2.2 Amendments and Waivers.
(a) Any provision of this Agreement may be amended or waived if, but only if, such amendment or waiver is in writing and is signed, in the case of an amendment, by each party to this Agreement, or in the case of a waiver, by the party against whom the waiver is to be effective.
(b) No failure or delay by any party in exercising any right, power or privilege hereunder will operate as a waiver thereof nor will any single or partial exercise thereof preclude any other or further exercise thereof or the exercise of any other right, power or privilege. The rights and remedies provided will be cumulative and not exclusive of any rights or remedies provided by law.
2.3 Successors and Assigns; Change of Control. The provisions of this Agreement will be binding upon and inure to the benefit of the parties and their respective successors and assigns; provided that neither party may assign, delegate or otherwise transfer any of its rights or obligations under this Agreement without the prior written consent of the other party hereto.
2.4 No Third-Party Beneficiaries. Except as otherwise expressly provided for in this Agreement, this Agreement is for the sole benefit of the parties hereto and their permitted successors and assigns and nothing in this Agreement expressed or implied will give or be construed to give to any Person, other than the parties hereto and such permitted assigns any legal or equitable rights hereunder.

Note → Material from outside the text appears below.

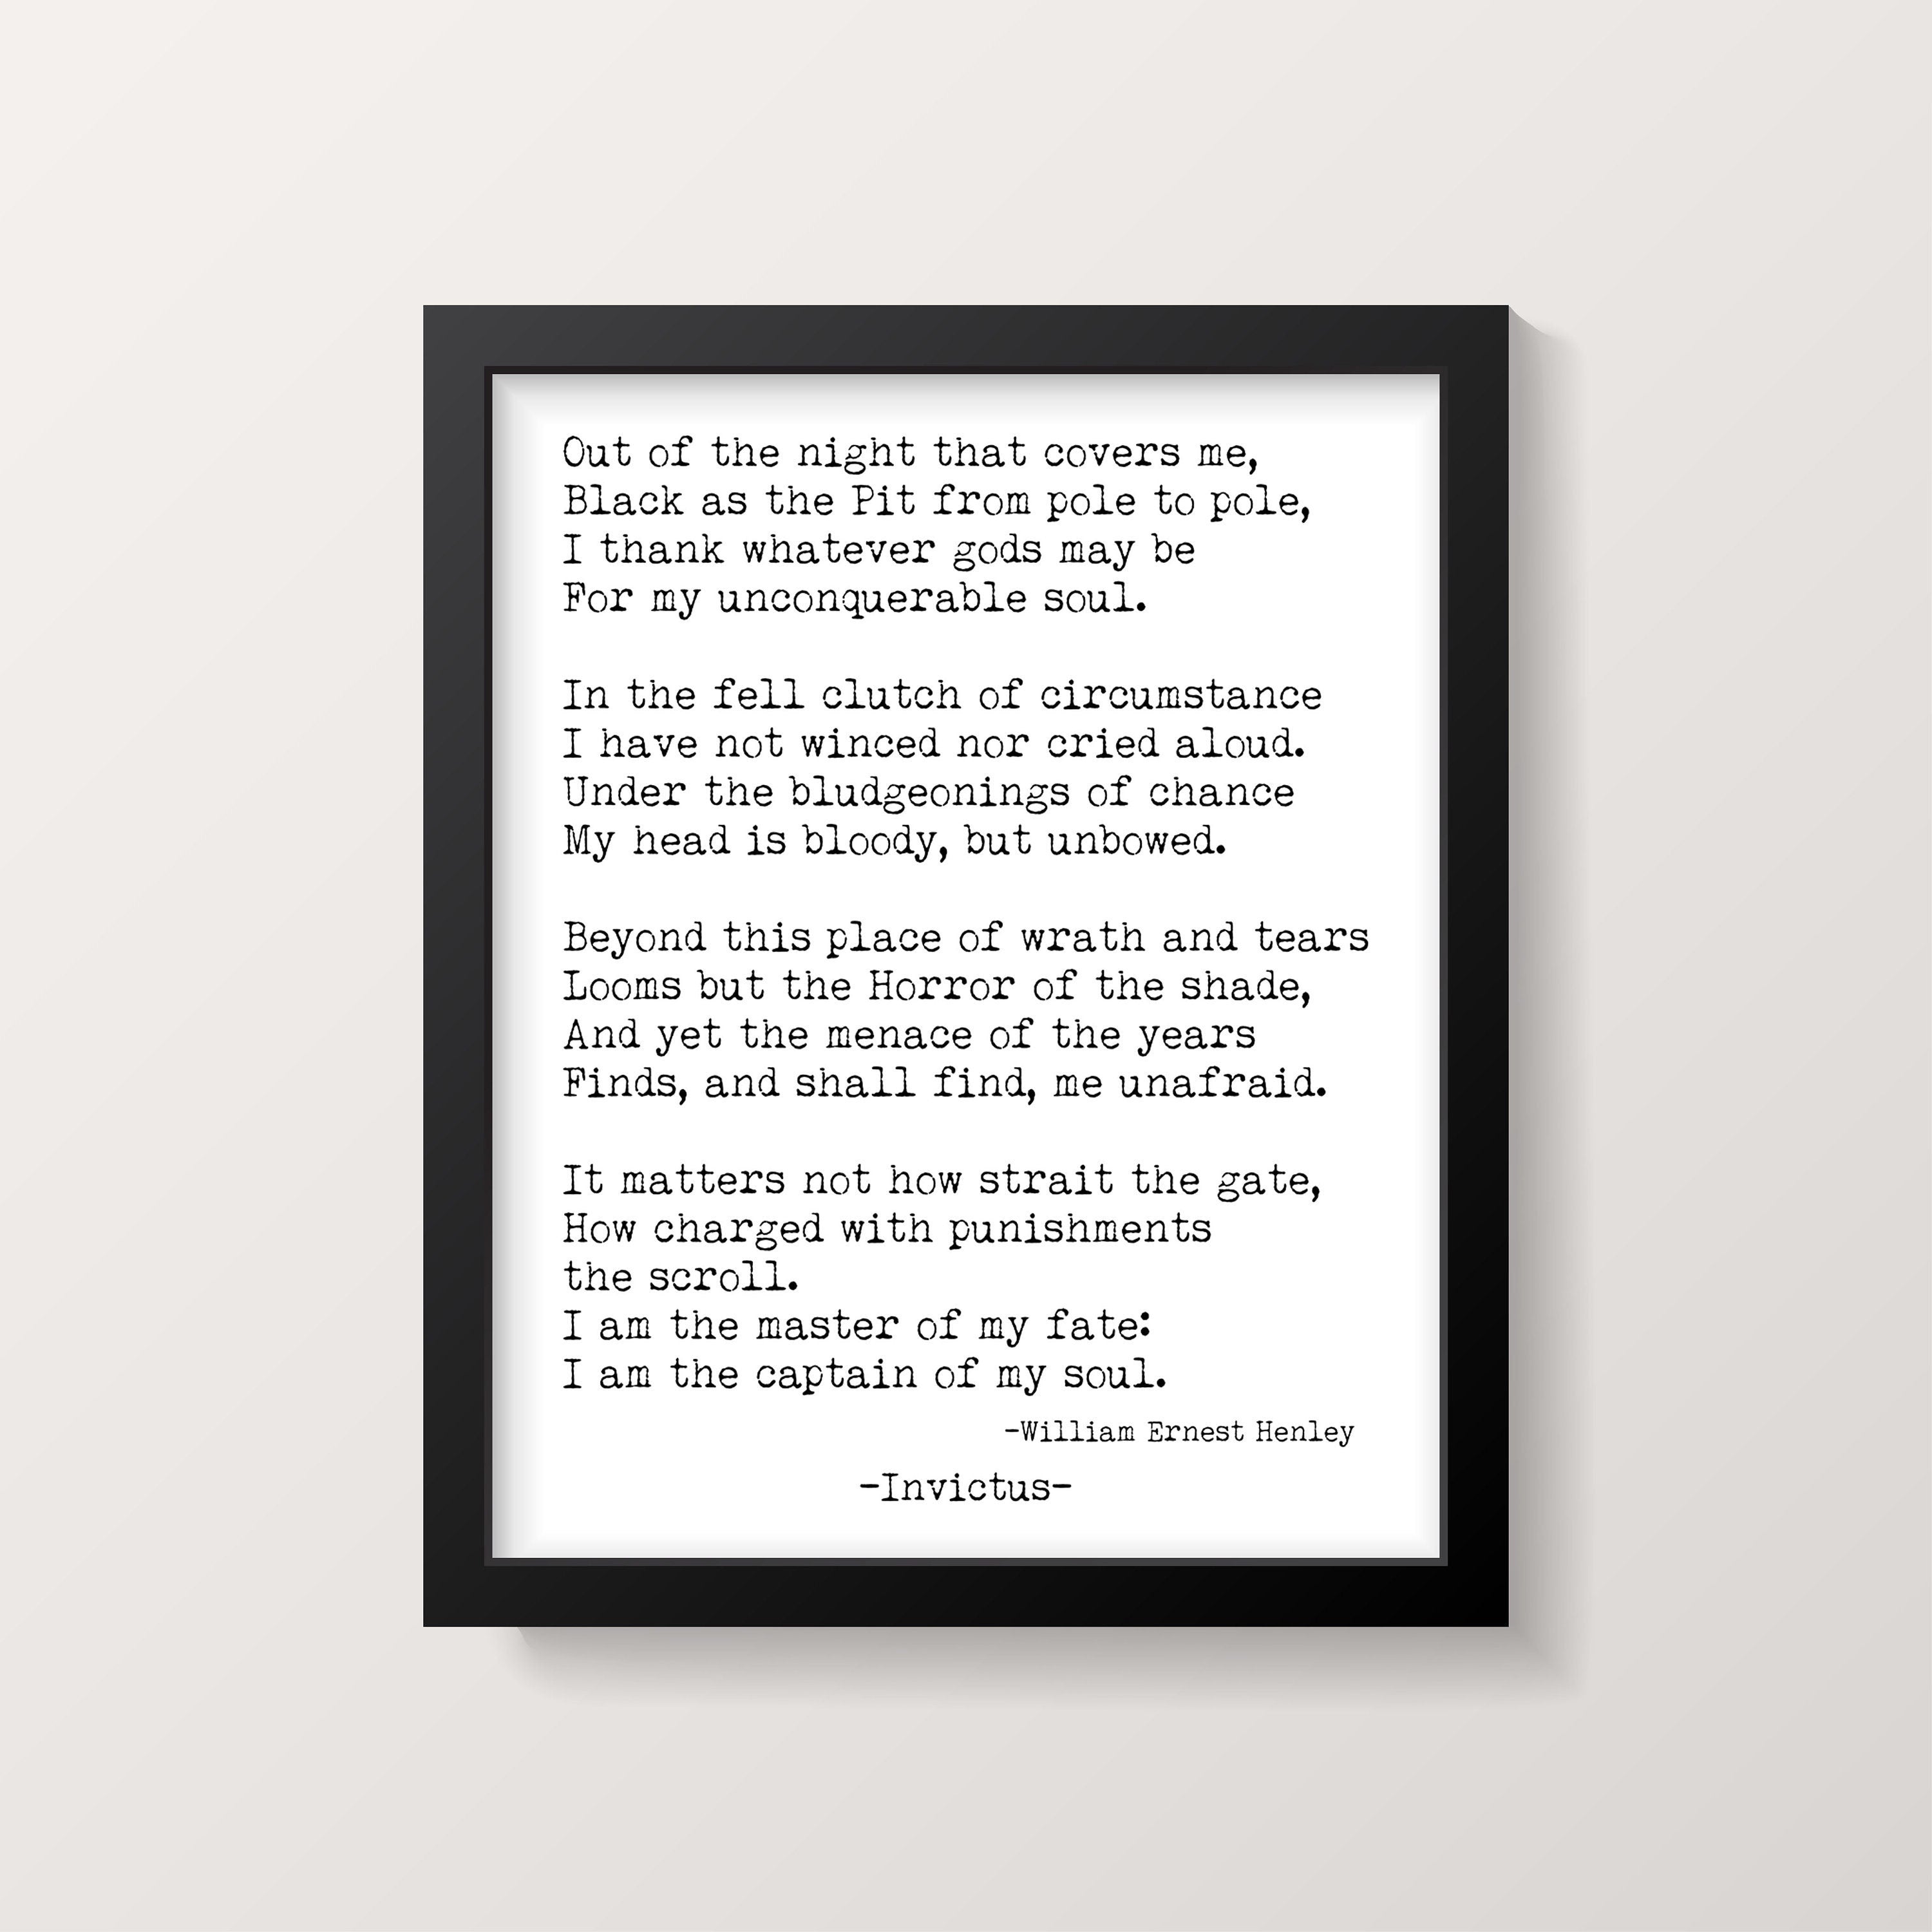 Invictus William Ernest Henley Print, I am the Master of my Fate , I am the captain of my soul Inspirational Art Print

2.5 Governing Law and Disputes. This Agreement shall be governed by and construed in accordance with the substantive law of the State of Oklahoma without giving effect to the principles of conflicts of law thereof. If a dispute arises out of or relates to this Agreement, or the breach hereof, the parties agree first to try in good faith to settle the dispute by mediation under the Commercial Mediation Rules of the American Arbitration Association, before resorting to arbitration. Thereafter, any remaining unresolved controversy or claim arising out of or relating to this Agreement, or breach hereof, shall be settled by arbitration in accordance with the Commercial Arbitration Rules of the American Arbitration Association, and judgment upon the award rendered by the arbitrator(s) may be entered in any court having jurisdiction thereof. The seat of the arbitration shall be in Tulsa, Oklahoma, U.S.A. and the decision of the arbitrators shall be final. The prevailing party shall be entitled to reasonable attorney’s fees in addition to costs and necessary disbursements.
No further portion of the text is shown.